Development panel excluded from forum Commissioners disagree on omission

August 17, 1993|By Donna E. Boller | Donna E. Boller,Staff Writer

Carroll's commissioners met privately with commercial development specialists last month to discuss how the Industrial Development Authority should market some property the county expects to acquire -- but no one invited the authority.

The commissioners are divided about how it happened that the five-member authority was not represented.

The July 20 meeting brought together real estate professionals and economic development specialists to advise the commissioners on how to develop property along Routes 482 and 30 in Hampstead. The approximately 400-acre tract is owned by Carroll County General Hospital, which seeks to swap part of it for the County Health Department building in Westminster.

Commissioner Donald I. Dell said he was surprised not to see members of the authority at the meeting. "I thought they were going to be present. I guess I assumed that. It was an IDA meeting and the IDA wasn't represented," Mr. Dell said.

Commissioner Elmer C. Lippy said the omission was intentional. "We wanted to get an opinion from a panel of experts. We didn't want the IDA there because it was possible they might have tried to promote their own cause," he said.

Mr. Lippy explained that he wanted opinions on whether the authority should develop the property or simply act as sales agent. If IDA members were present, they would understandably seek the largest possible role, he said.

Mr. Lippy reported that the experts agreed the authority should market the property. The commissioners met with authority members after the July 20 meeting to ask them to take that role.

The commissioners created the IDA in 1980 to sell lots in the county air business center north of Westminster. The county is barred by law from disposing of publicly owned land except at public auction, a constraint that does not apply to the authority.

Authority Chairman Russell A. Sellman said he knew nothing of the meeting of commissioners and development experts. He said that, when the commissioners asked the authority to market the property if the land exchange is consummated, "Our decision was yes, we definitely would."

The consensus at the meeting was that the county will have to invest money in the property to make it attractive to businesses or industries. The land is currently farmed.

The experts advised the commissioners to: put in access roads; make sure water and sewer service are available; and decide whether they want to sell the property in small individual lots or wait for a few large buyers.

"Unless there is a bypass there, traffic problems would probably limit it to smaller users or those that don't have much traffic," said Michael L. Mason, a commercial real estate agent in Westminster.

Mr. Mason said a market exists among smaller business owners, who are seeking 1- to 3-acre lots they can own rather than rent. Small business owners are less likely to want to develop raw land, but if the infrastructure is taken care of, the property will be more salable, he said.

The State Highway Administration lists a Hampstead bypass among its plans, but slowed preliminary work on the project two years ago when the state budget became tight.
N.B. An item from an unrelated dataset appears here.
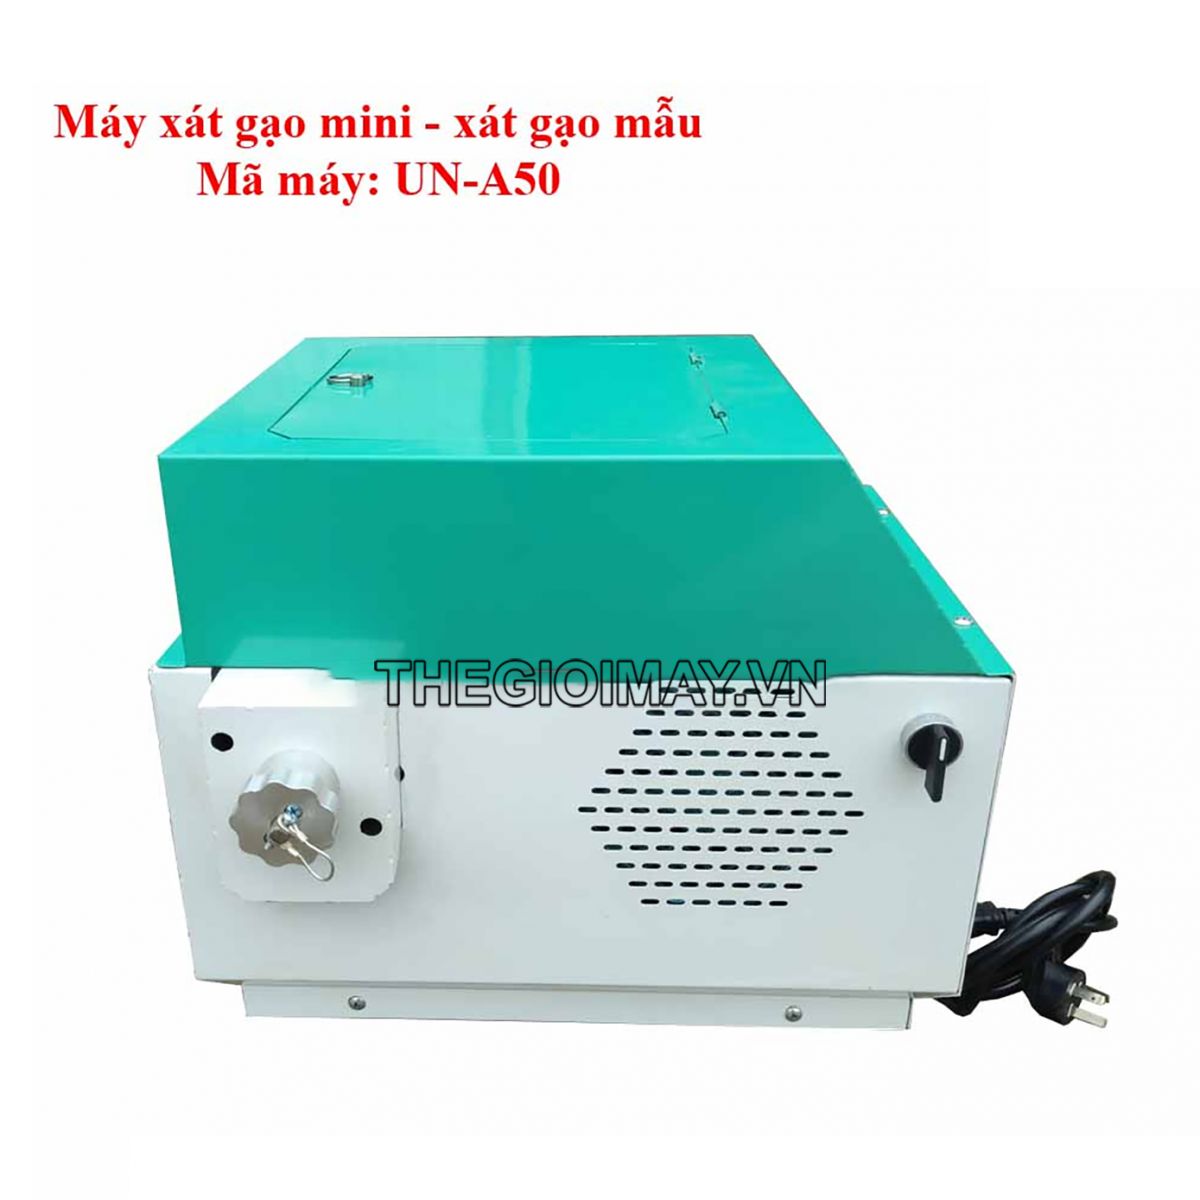 Máy xát gạo mẫu- máy xát gạo mini gia đình UN-A50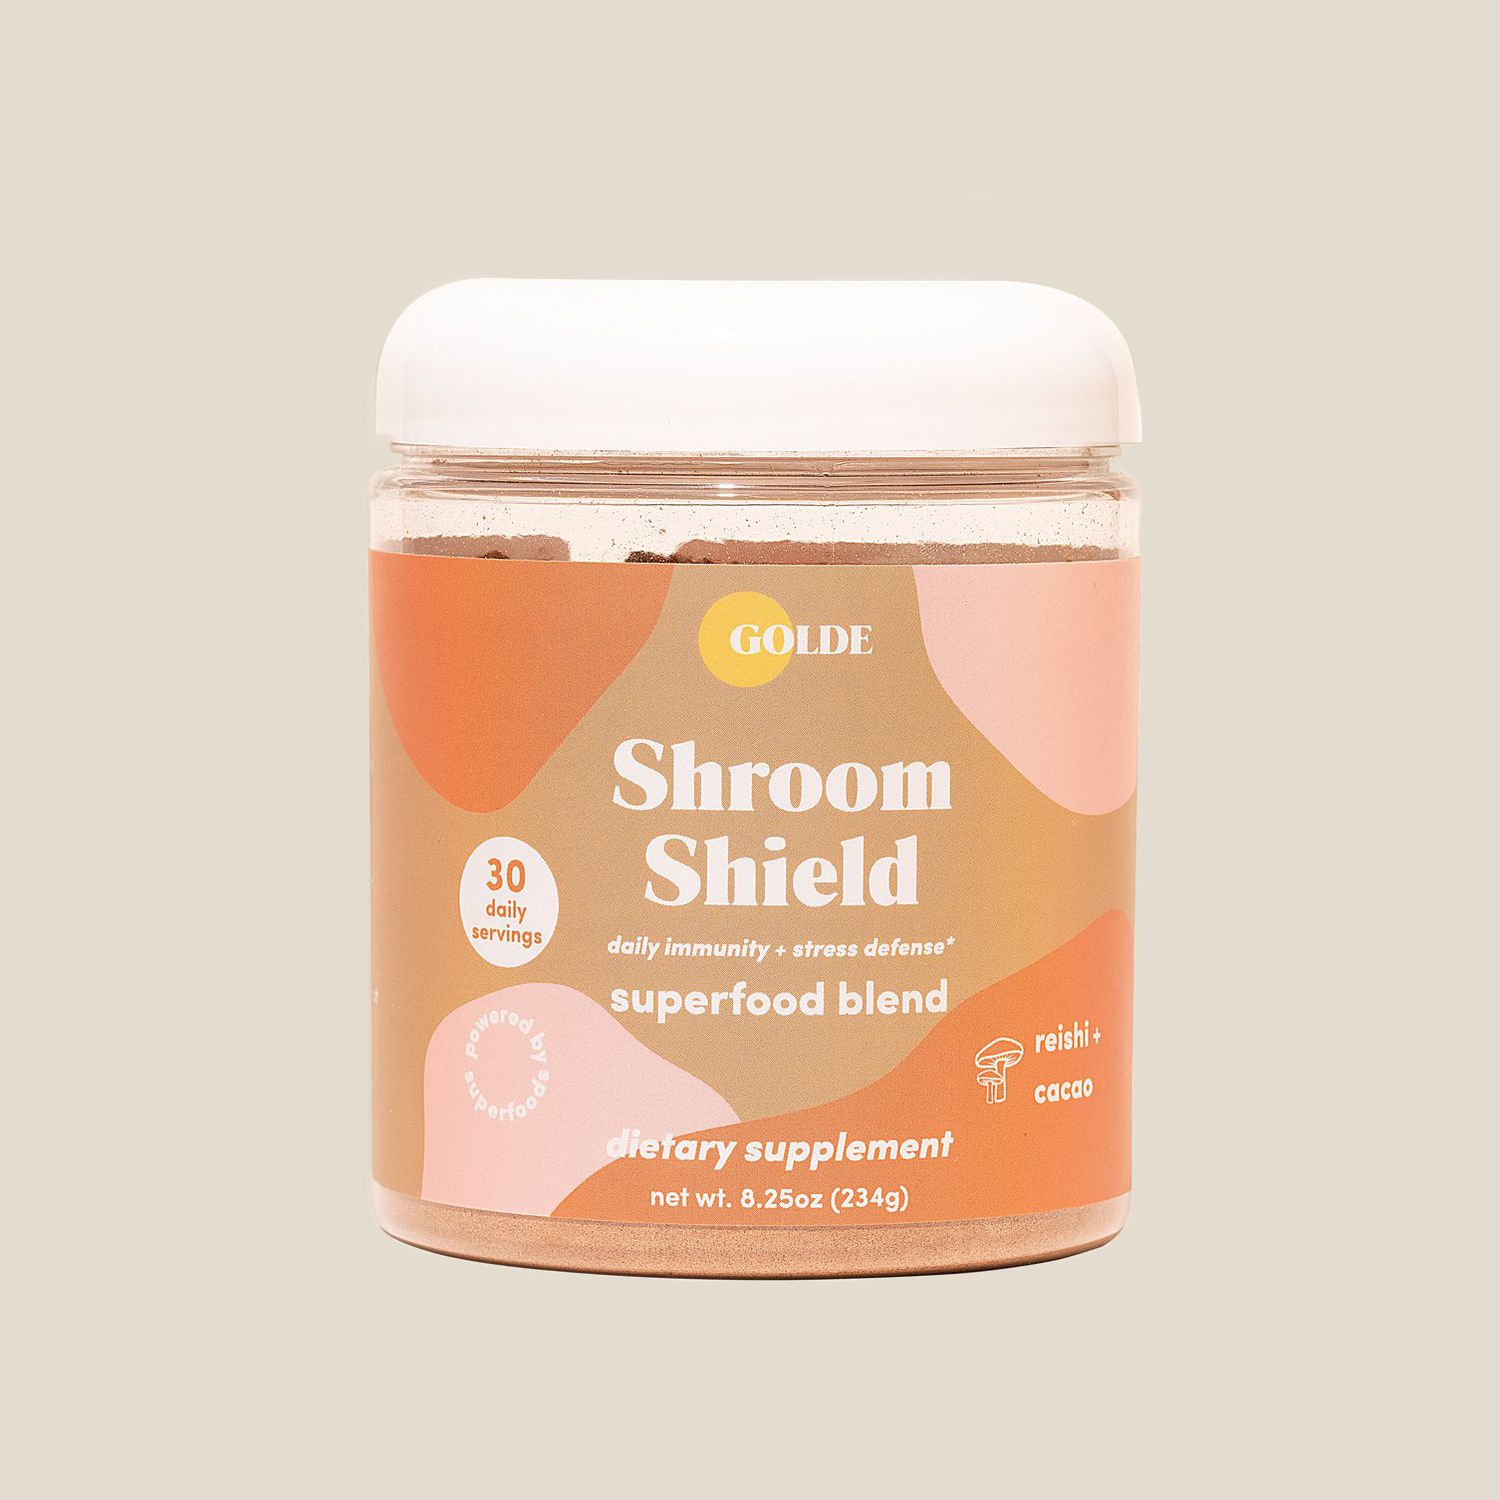 Golde Shroom Shield Superfood Blend

Leroy M. Merritt, developer of the Eldersburg Business Center, said through a spokeswoman that his suggestions are to put in infrastructure for the property and to sell lots individually.

County Economic Development Administrator William E. Jenne, who coordinated the meeting, said he didn't think the IDA was left out intentionally.

"I think the commissioners wanted to get an arm's-length view of contemporary business development issues. I don't think the IDA was deliberately excluded, but the purpose was to meet with individuals who are not intimately involved with county activities," Mr. Jenne said.